Anonymous No.105814124
>>105809266
orly
Anonymous No.105814160
>>105804860 (OP)
>2025
>still swallowing Musk BS
Anonymous No.105814324 >>105814360
>>105811465
Is that why he rigged voting machines to get trump elected and throw up Nazi salutes at his inauguration? Because he's a libtard?
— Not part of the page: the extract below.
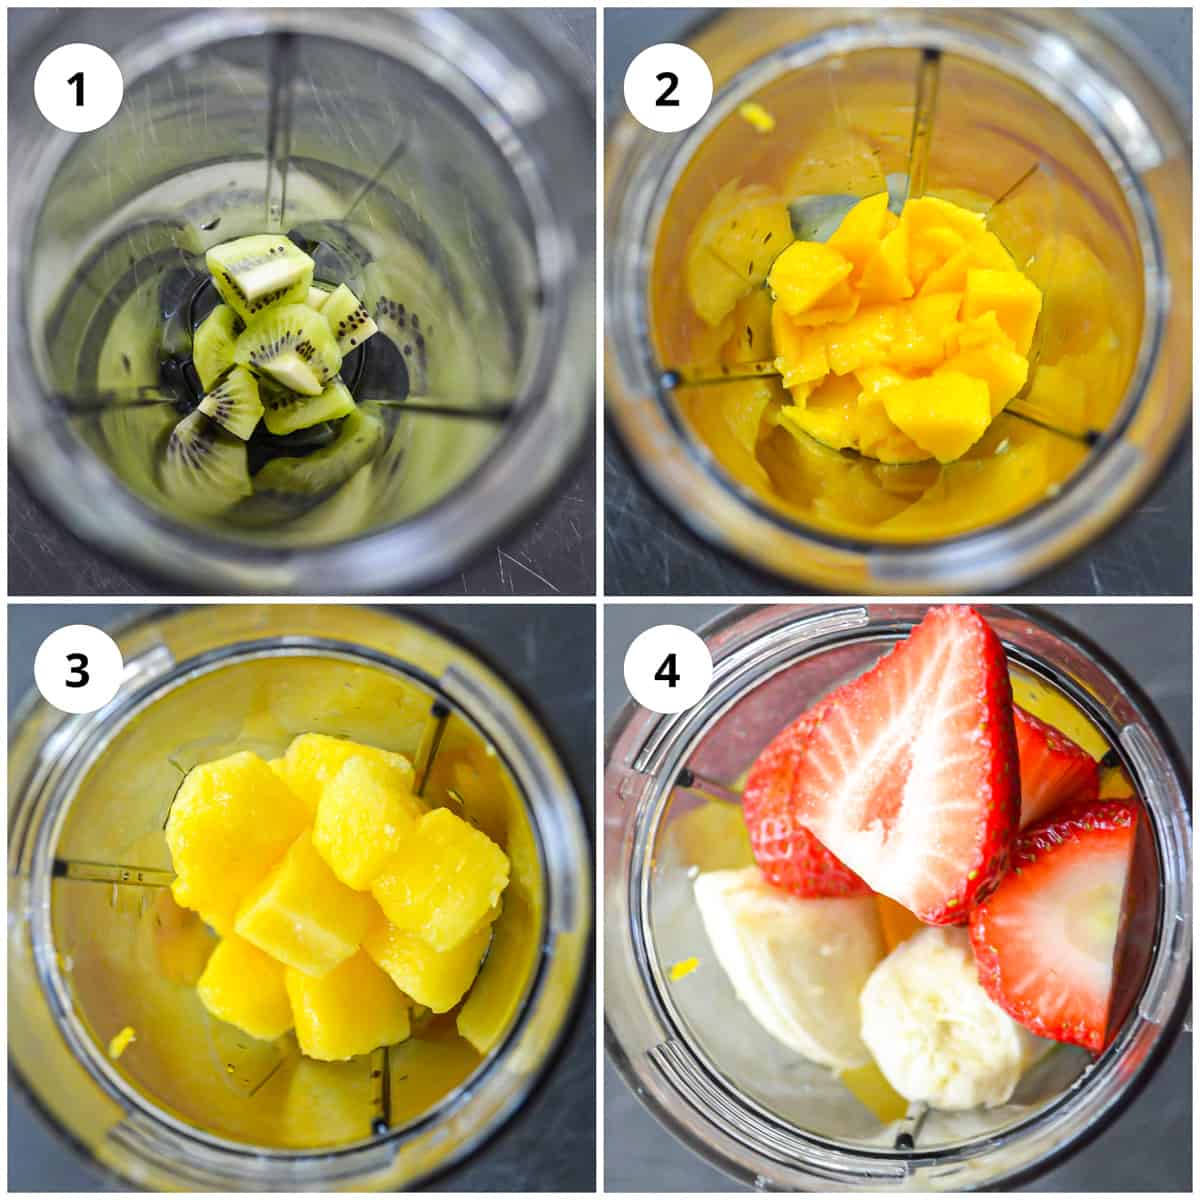 Photos to show how to make the smoothie

Anonymous No.105814360 >>105818679
>>105814324
>rigged voting machines to get trump elected
take your meds, blueanon
Anonymous No.105814503
>>105804860 (OP)
>muh AI benchmarks
these grifters have no shame whatsoever
Anonymous No.105814886
>>105805010
> communist child rapist has mental breakdown
nobody cares. when is the livestream suicide?
Anonymous No.105815470
Aint mean nothing to me
Anonymous No.105815751
>>105814078
sorry, elon. you killed those girls. facts over feelings.
t. grok
Anonymous No.105817446
Grok 4 is an AGI
Anonymous No.105818493
>>105805136
>implying that bc ranjesh got himself on a list of 20+ authors that he contributed meaningfully to the invention of transformers
lol
Anonymous No.105818679
>>105814360
Trump literally admitted to it
Anonymous No.105819346
>>105811479
Dude every LLM struggles with that. They make up command line flags and settings like there's no tomorrow. You can't hold it against Gem uniquely.
Anonymous No.105820678
>>105804860 (OP) I believe those graphs are all fake at this point.
Anonymous No.105820839
>>105806027
Leftists have daddy issues and right wingers have mommy issues
Anonymous No.105821932
>>105805010
If Musk was a Nazi I'd actually like him.

Kill yourself pajeet bot.
Anonymous No.105822252
>>105814078
Rainfall predictions (predictive meteorology) and alerts (sending out text messages) cant at all be explained by axing 600 members of your weather services and then (no joke) actually hiring back 100 because things weren't running at all (this happened before the Texas flood)?
Anonymous No.105822269
It seems that they wouldn't send out alerts if they don't know a storm is coming
And they can't know a storm is coming if they don't predict it via meteorology.